平成23(2011)年3月11日に発生した東日本大震災でも精神科医のチームが派遣され、「こころのケア」の支援は行われていましたが、特に組織化はされておらず、その後、PTSDを発症したり、避難生活で大きなストレスを抱える被災者が増えていきました。これらの課題を受けて、2013年3月に厚生労働省がDPATの名称や定義を定め、制度を作り上げ同4月に設立されました。実際の災害派遣としては、2014年8月に発生した広島土砂災害がDPAT設立後、正式な初派遣活動となりました。

DPATの活動定義とチーム構成

<活動定義>
DPATは、各都道府県等が継続して派遣する災害派遣精神医療チーム全ての班のことを指します。
DPATを構成する班の中で、発災当日から遅くとも48時間以内に、所属する都道府県等外の被災地域において活動できる班を先遣隊として派遣します。先遣隊は、主に本部機能の立ち上げやニーズアセスメント、急性期の精神科医療ニーズへの対応等の役割を担い、先遣隊の後に活動する班は、主に本部機能の継続や、被災地での精神科医療の提供、精神保健活動への専門的支援、被災した医療機関への専門的支援、支援者(地域の医療従事者、救急隊員、自治体職員等)への専門的支援等の役割を担います。

●DMATとDPATの比較

<チーム構成>
DPATは以下の職種を含めた数名(車での移動を考慮した機動性の確保できる人数を考慮)で構成しています。

■精神科医師 ※1
■看護師
■業務調整員(ロジスティックス):連絡調整、運転等、医療活動を行うための後方支援全般を行う者

※1) 先遣隊を構成する医師は精神保健指定医でなければなりません。しかし、先遣隊以外の班を構成する医師は精神保健指定医であることが望ましいとされています。

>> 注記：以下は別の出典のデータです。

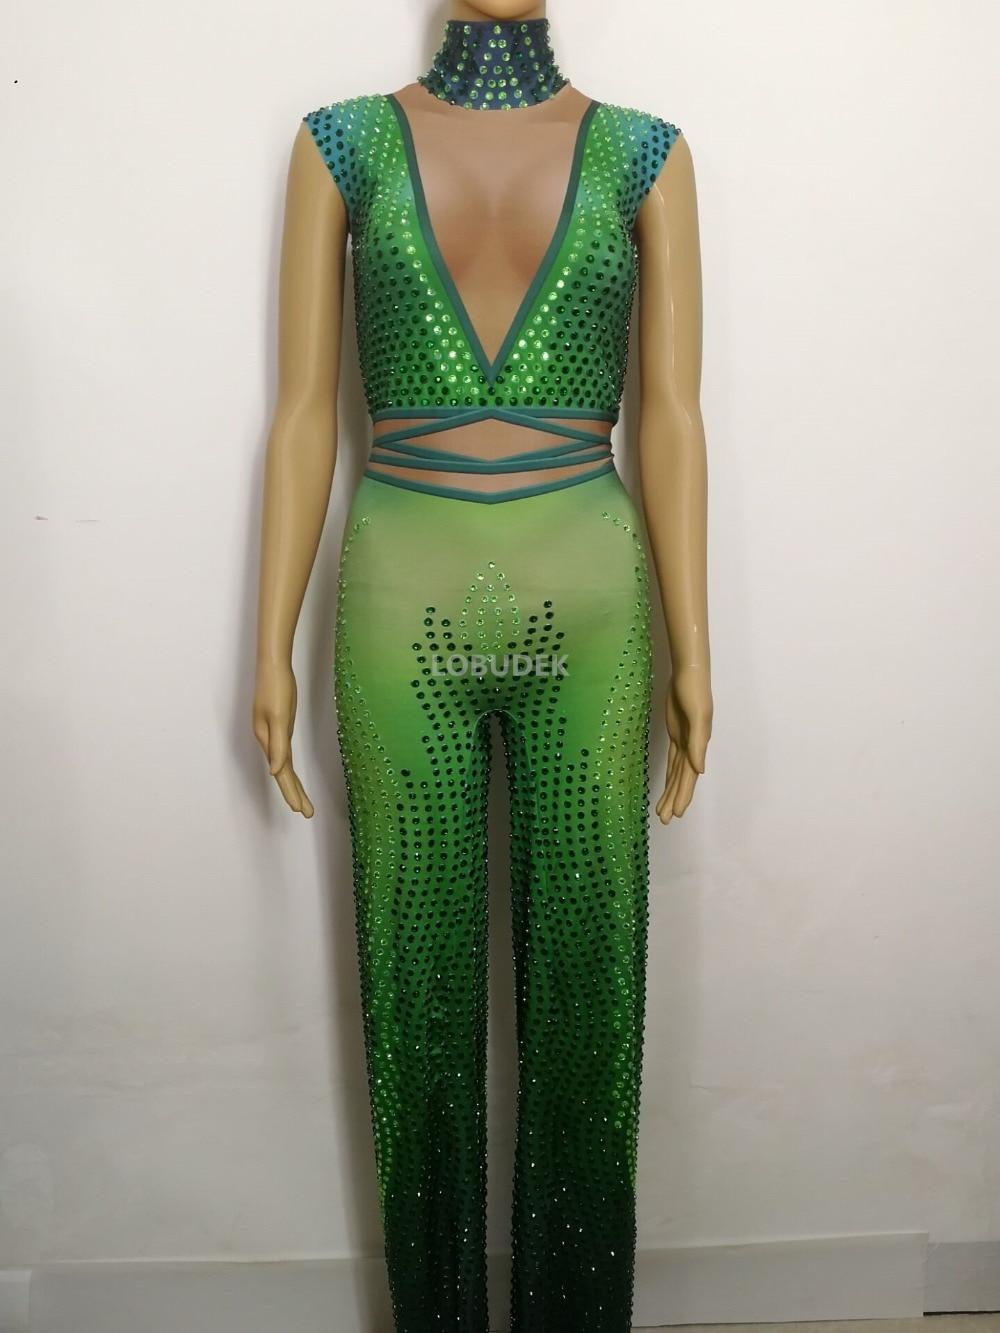 Dj Scintillant Tenue Femmes Célébration Discothèque Pièce Sexy Costume Body Show Parti Strass D'une Seule Salopette Bar Vert Extensible rvXxrqC

現地のニーズに合わせて、児童精神科医、薬剤師、保健師、精神保健福祉士や臨床心理技術者等を含めて適宜構成します。また、地域の実情に応じて、都道府県等の職員だけでなく、関連機関(大学付属病院、国立病院、公立病院、その他の病院、診療所等)の職員で構成する場合もあります。
DPAT1班あたりの活動期間は1週間(移動日2日・活動日5日)を標準としていますが、発災直後等のライフライン・宿泊環境等が整っていない状況で活動を行う班の活動期間は、班員の健康に配慮をした期間とします。また、活動の引継ぎがある場合は、活動期間に重なりを持たせるようにします。

DPAT派遣までの流れ

DPATの派遣調整は、基本的にDMHISS※2を用いて行われます。また、DPATの派遣は、基本的に災害対策基本法に基づいて行われるため、都道府県と政令指定都市によって、また、災害の規模の大きさによっても派遣の流れが以下のように異なっています。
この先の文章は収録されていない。